Ces deux remarques justifient à elles seules cette présentation.

Notes

[1] "Mr. Keynes and Traditional Theory", 1937, Econometrica. Pour certains le modèle IS-Lm est déjà dans cet article.

[2] "A Simplified Model of Mr Keynes’ System", 1937, RES

[3] "The Rate of Interest and the Optimum Propensity to Consume", 1938, Economica

[4] Alvin Hansen, Monetary Theory and Fiscal Policy, 1949 et A Guide to Keynes, 1953. Ce dernier livre a été traduit en français, Introduction à la pensée keynésienne, Dunod, 1967.

[5] C’est un modèle que l’on doit à John Richard Hicks (1937), « Keynes and the classics ; a suggested interpretation », Econometrica. Il est supposé représenter les mécanismes keynésiens élémentaires mais il s’agit aussi pour Hicks de réintégrer les analyses de Keynes dans la théorie économique "classique". Alvin Hansen reprendra et diffusera l’idée en 1952, dans son livre Théorie Monétaire et Politique Fiscale

[6] The Monetary Dynamics of International Adjustment under Fixed and Flexible Exchange Rates, Quarterly Journal of Economics, mai 1960) ; et A Theory of Optimum Currency Areas, novembre 1961, American Economic Review.

[7] Fleming, J. Marcus, Domestic Financial Policies under Fixed and under Floating Exchange Rates, Staff Papers, International Monetary Fund, novembre 1962

[8] La désignation est spécifique aux présentations de langue française, il est très rare de trouver une référence à cette idée d’une synthèse néoclassique dans la littérature de langue anglaise. Cela traduit une différence importante dans l’enseignement de l’économie. En France les théories sont souvent présentées en référence à un auteur et la question du respect de la pensée initiale de l’auteur par ceux qui s’en inspirent est posée régulièrement. Dans l’enseignement américain ou anglais, les théories sont prises comme des briques qui permettent de construire une "maison commune", le choix des briques retenues ou abandonnées étant le plus souvent indépendant de leur producteur initial. Le critère retenu est celui de la pertinence. Cela ne veut pas dire qu’il n’y a pas dans cette démarche un arrière plan idéologique et que la pertinence est facile à apprécier. La formule magique est la suivante : « aujourd’hui, la plupart des économistes considèrent que... ».

[9] La construction d’une fonction de demande agrégée est en revanche compatible avec les idées keynésiennes. Il faut évoquer ici l’effet Keynes. Une baisse des salaires pour un comportement de marge donné des entreprises peut se traduire par une baisse des prix. Celle-ci provoque, toutes choses égales par ailleurs, une augmentation de la masse monétaire réelle disponible pour les transactions. Cela entraîne une baisse du taux d’intérêt puisque la quantité de monnaie disponible pour l’arbitrage spéculation-thésaurisation est plus importante. Ainsi la baisse des salaires influence l’investissement en le stimulant puisque les taux d’intérêt sont plus faibles. On peut ajouter que les prix influencent les comportements des ménages puisque la baisse du taux d’intérêt provoque une hausse du prix des obligations et augmente la richesse des agents détenant des obligations. Ce qui stimule leur consommation. La consommation est ici, comme chez Irving Fisher, une fonction décroissante du taux d’intérêt, mais, l’effet est marginal selon Keynes et il n’est pas du à un effet de substitution, mais à un effet de richesse.

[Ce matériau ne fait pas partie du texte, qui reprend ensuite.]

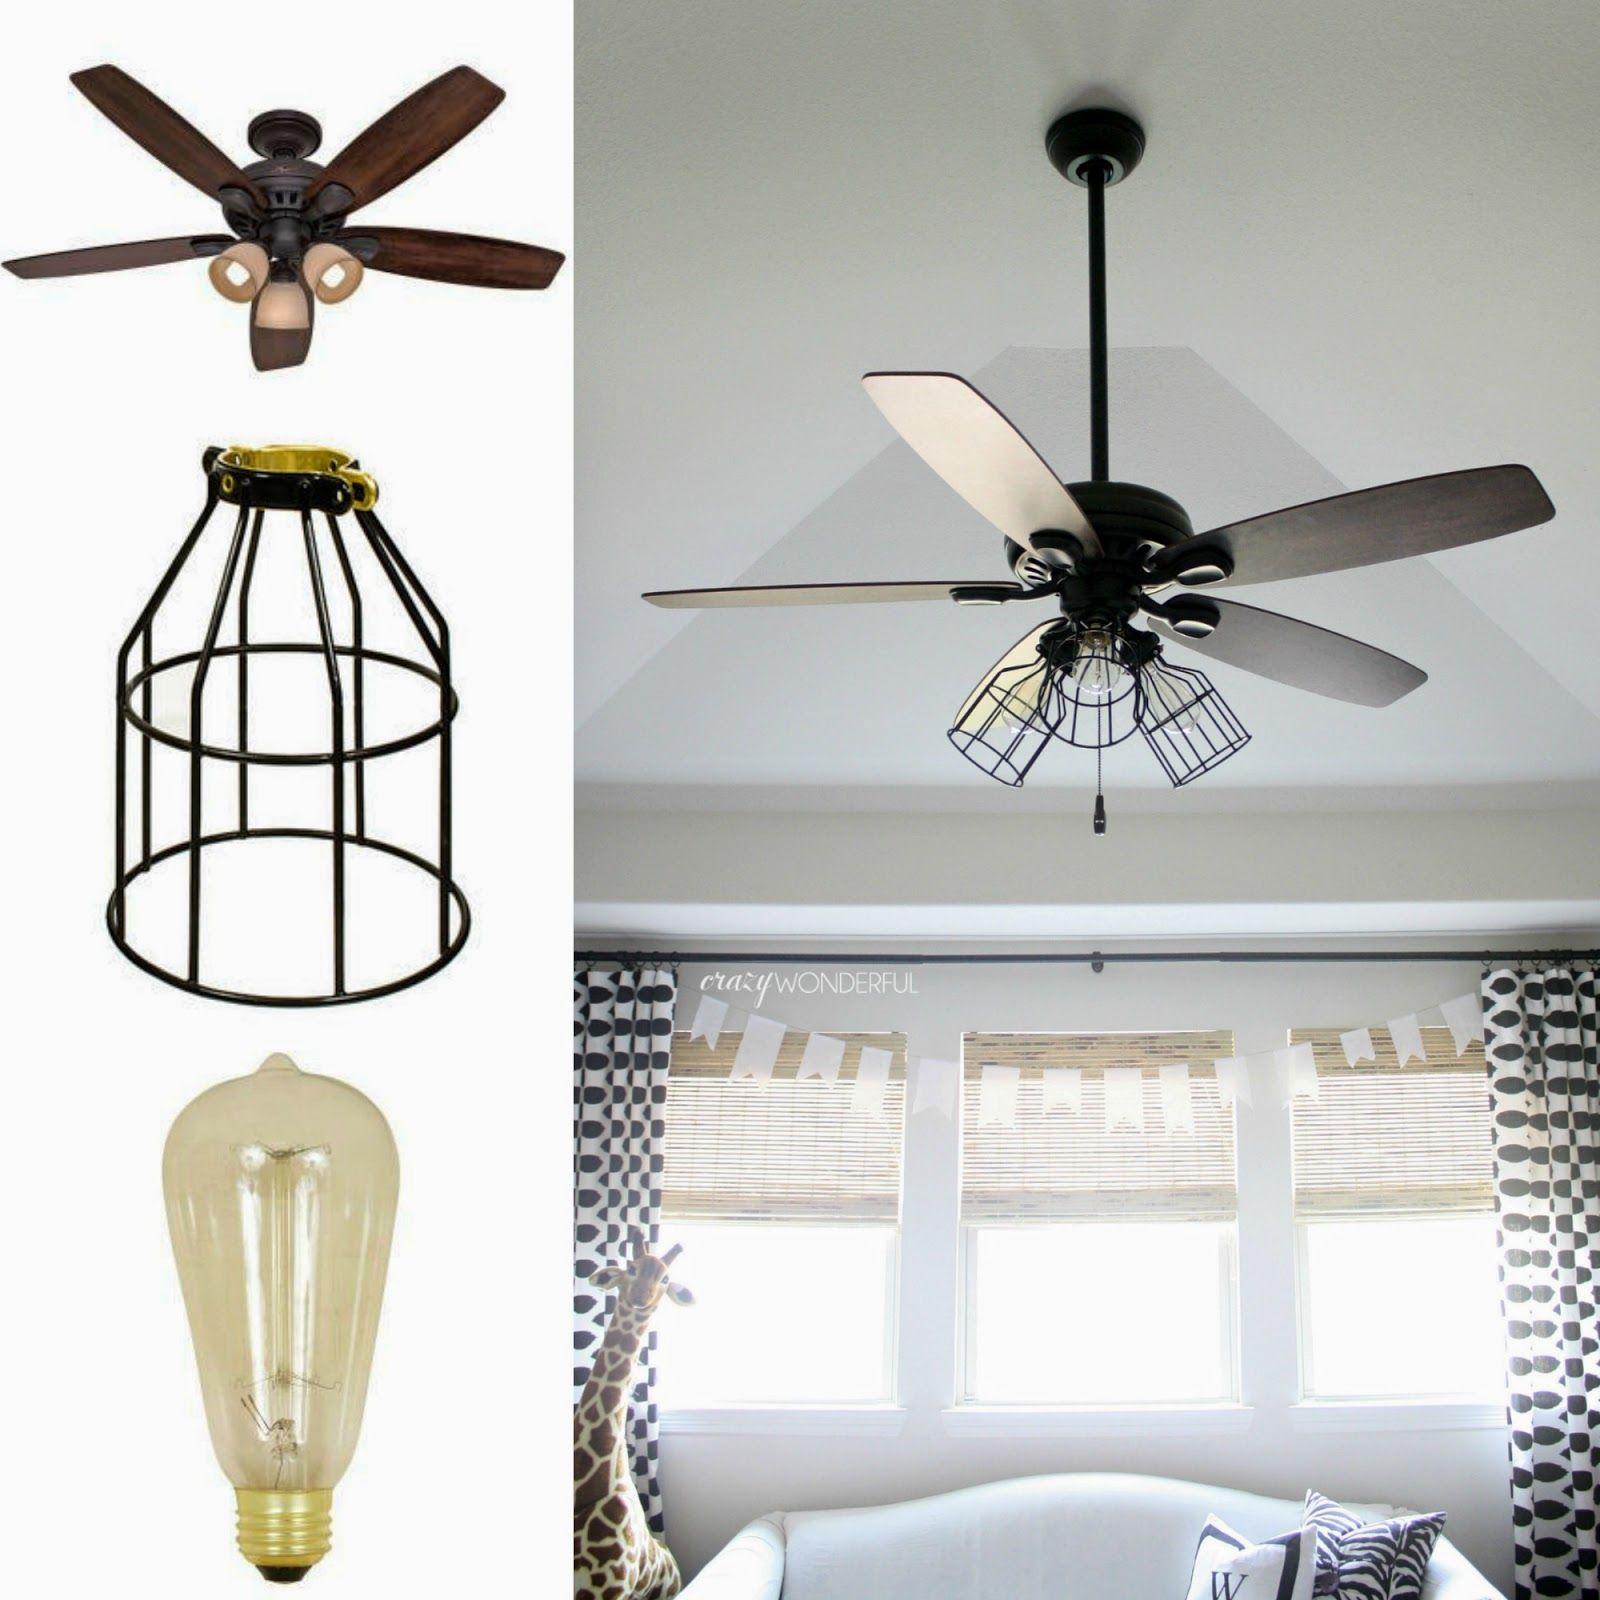 Crazy Wonderful DIY cage light ceiling fan DIY
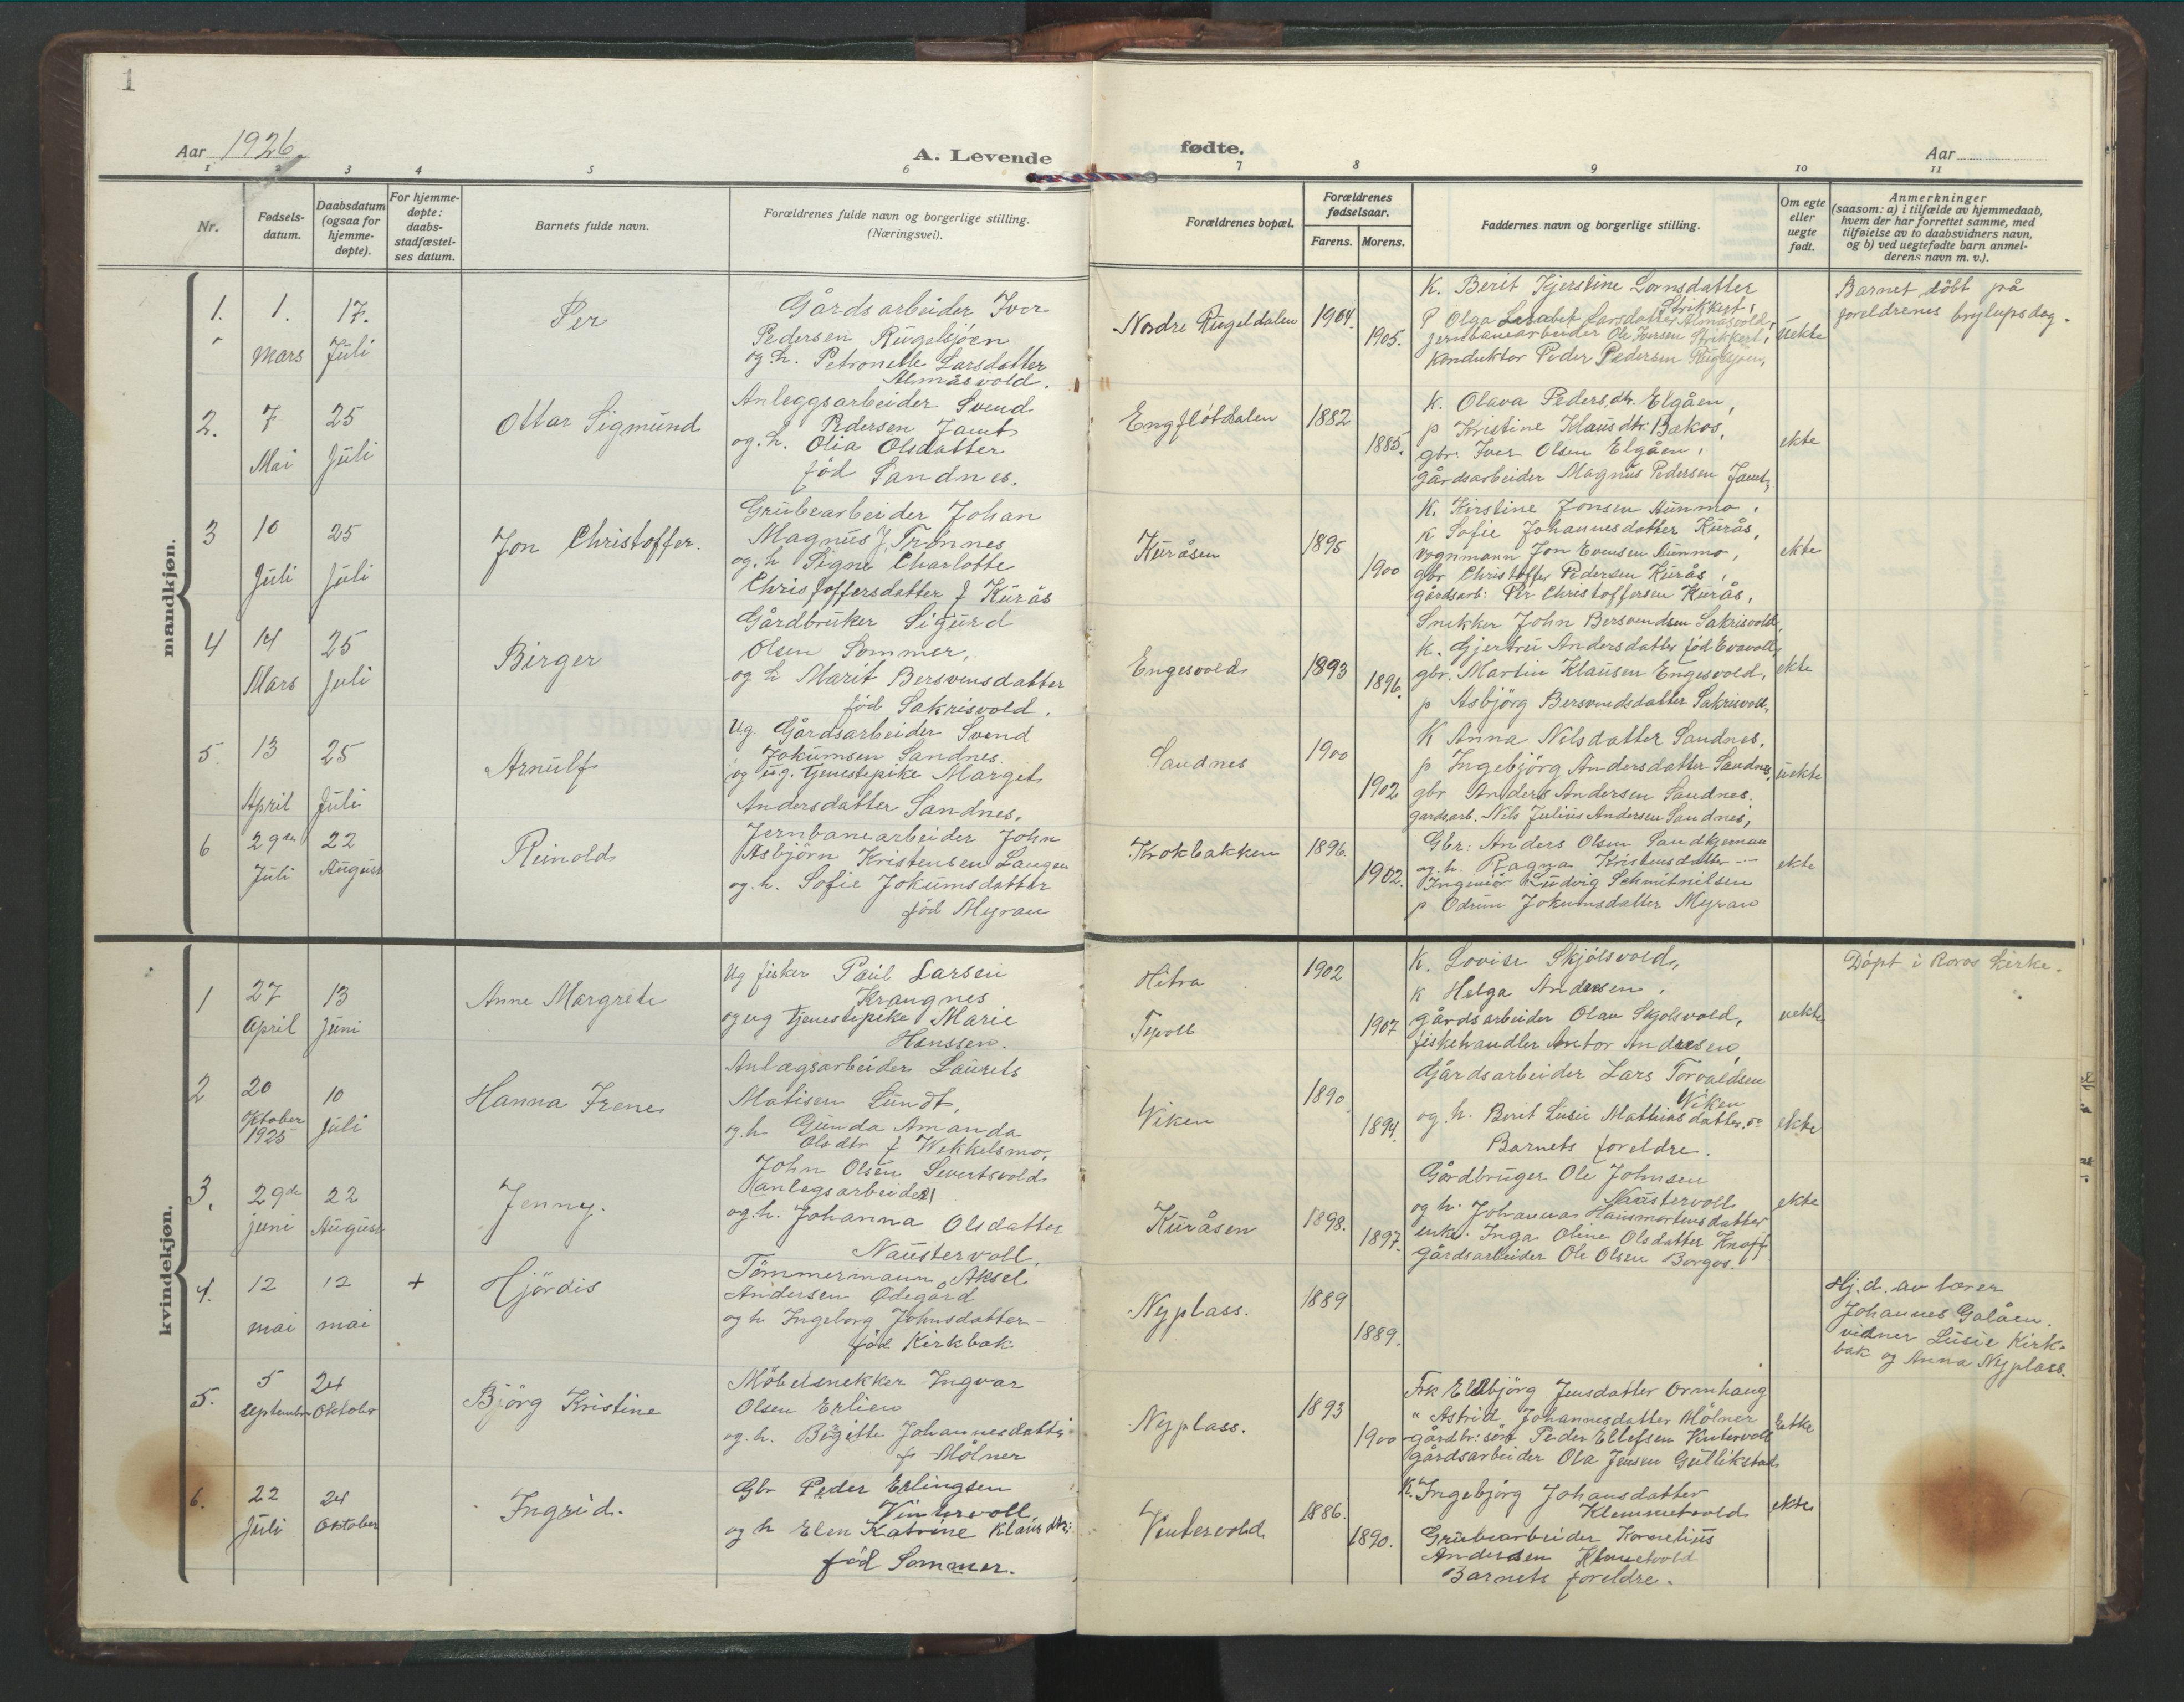 SAT, Ministerialprotokoller, klokkerbøker og fødselsregistre - Sør-Trøndelag, 682/L0947: Klokkerbok nr. 682C01, 1926-1968, s. 1

[10] Les post-keynésiens s’en tiennent à la pensée de Keynes lui-même et pensent que Hicks et ses successeurs l’on gravement déformée en voulant la réduire à quelques équations

[11] L’économiste américain Gregory Mankiw dans un article intitulé "The Reincarnation of Keynesian Economics" Revue d’économie européenne, 1992, rapporte les propos de Robert Lucas « les gens se sentaient offensés quand ils étaient qualifiés de keynésiens. Dans les séminaires de recherche, la théorisation keynésienne n’était plus prise au sérieux, l’assistance se mettait à bavarder et à rire » publiés dans "The Death of Keynesian Economics : Issues and Ideas", University of Chicago (1980). Dans la suite de l’article Mankiw s’efforce de montrer que comme le disait Robert Solow, « Keynes est mort comme Einstein ou Newton sont morts... » et qu’il faut peut-être parler d’une réincarnation plutôt que d’une résurrection.

[12] Olivier Blanchard et Daniel Cohen, Macroéconomie, Pearson education, (3ème édition), 2004, page 129.)